- Theatrical release poster
- Directed by: Santiago Limón
- Screenplay by: Santiago Limón; María Hinojos;
- Adaptation by: Eduardo Cisneros Jason Shuman
- Based on: La usurpadora by Inés Rodena
- Produced by: Matt Walden; Paul Presburger;
- Starring: Isabella Castillo; Alan Estrada; Cecilia Toussaint; Susana Zabaleta; Jesús Ochoa; Alejandra Guzmán; Gabriela Spanic;
- Cinematography: Danny Hiele
- Edited by: Martha Poly Vil
- Music by: Amado López
- Production companies: Walden Entertainment; The Lift Entertainment;
- Distributed by: Pantelion Films (United States); Videocine (Mexico);
- Release dates: March 22, 2023 (Tucson, Arizona); April 7, 2023 (United States); April 12, 2023 (Mexico);
- Running time: 115 minutes
- Countries: Mexico; United States;
- Languages: Spanish; English;
- Box office: $883,218

= La Usurpadora: The Musical =

2023 film by Santiago Limón

La Usurpadora: The Musical is a 2023 musical crime comedy film directed by Santiago Limón from a screenplay he co-wrote with María Hinojos, based on the 1998 Mexican telenovela La usurpadora.

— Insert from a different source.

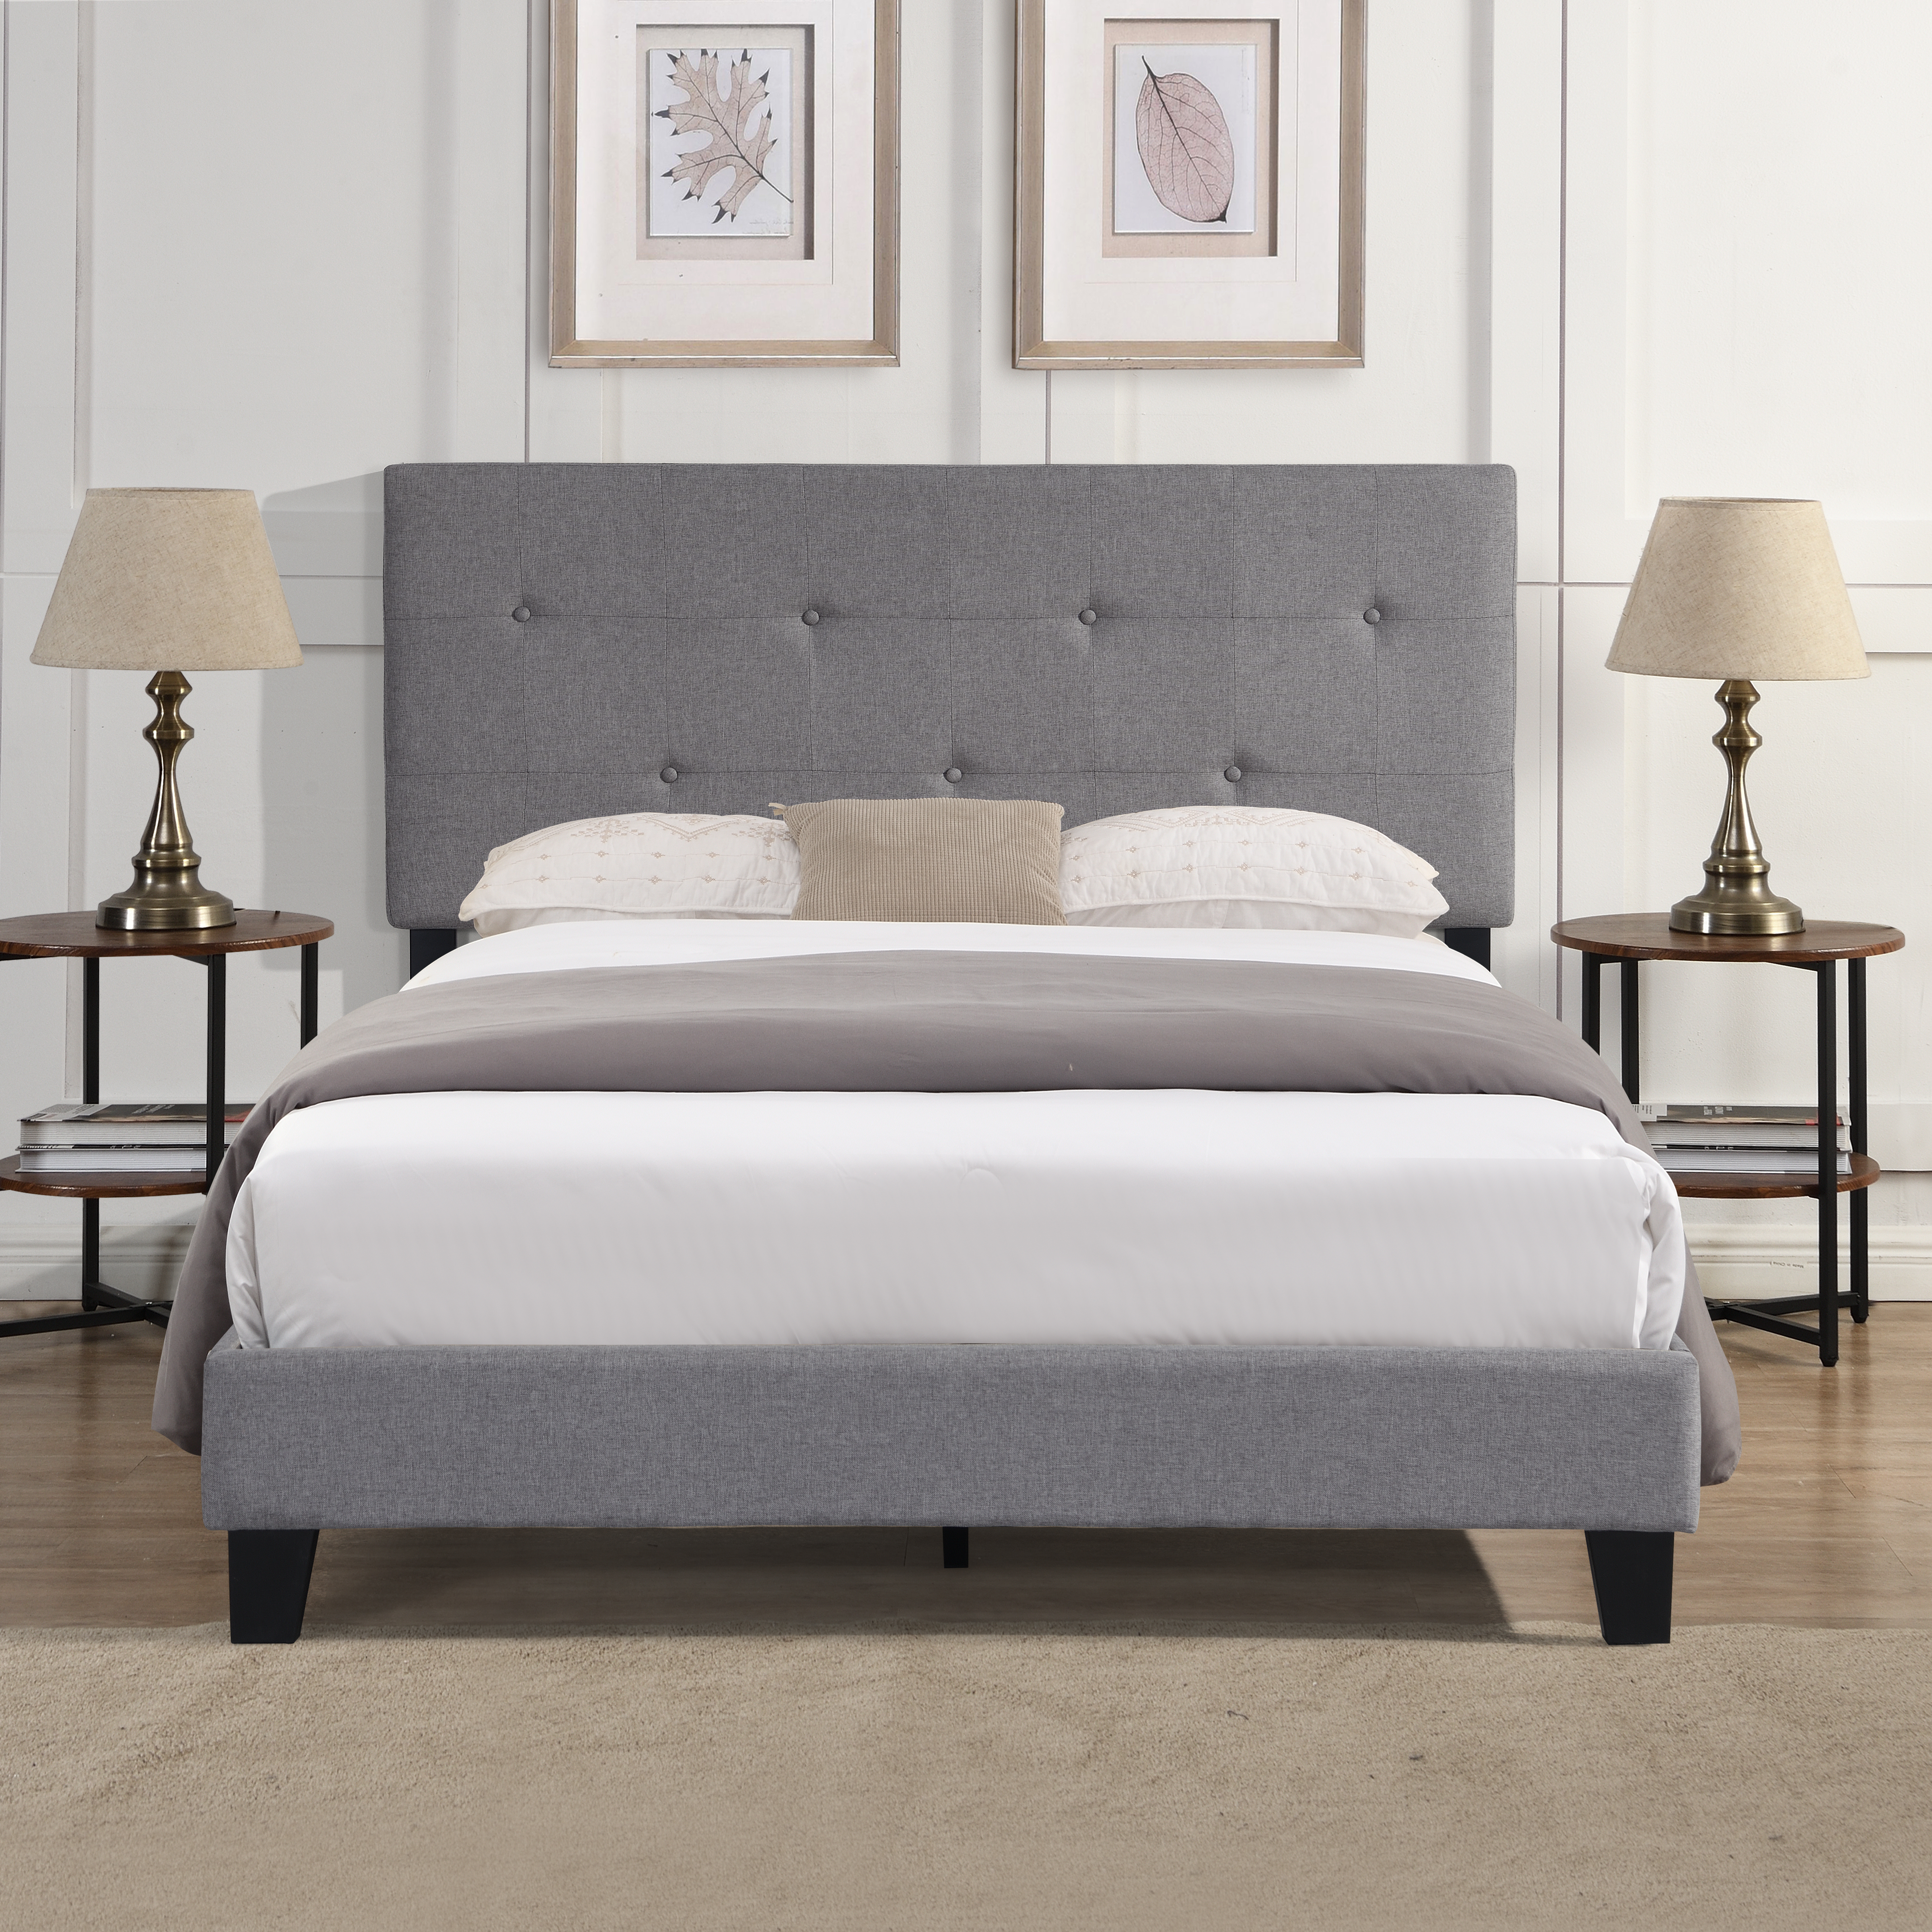 Queen Size Upholstered Platform Bed Frame with Button Tufted Linen Fabric Headboard, No Box Spring Needed, Wood Slat Support, Easy Assembly,  Gray-CASAINC

The film stars Isabella Castillo, Alan Estrada, Cecilia Toussaint, Susana Zabaleta and Jesús Ochoa, with special appearances by Alejandra Guzmán and Gabriela Spanic.

== Plot ==
During a secret meeting with her lover in Las Vegas, Victoria meets a hotel employee identical to her, Valeria, and convinces her to switch lives.

== Cast ==
- Isabella Castillo as Valeria and Victoria
- Alan Estrada as Carlos Daniel
- Susana Zabaleta as Dona Ines
- Jesús Ochoa as Don Ramiro
- Cecilia Toussaint as Abuelita
- Valentina as Lydia
- Alejandra Ley as Lupita
- Alejandra Guzmán
- Gabriela Spanic
- Shane West as Chad

==Production==
Principal photography began in December 2021 in Mexico City and the Mexican states of Hidalgo, Jalisco, and Nayarit.

==Release==
The film received a preview screening in Tucson, Arizona, on March 22, 2023. It was released theatrically in the United States on April 7, 2023, by Pantelion Films, and in Mexico on April 12, 2023, by Videocine.

==Reception==
Mary Aviles of Common Sense Media awarded the film three stars out of five.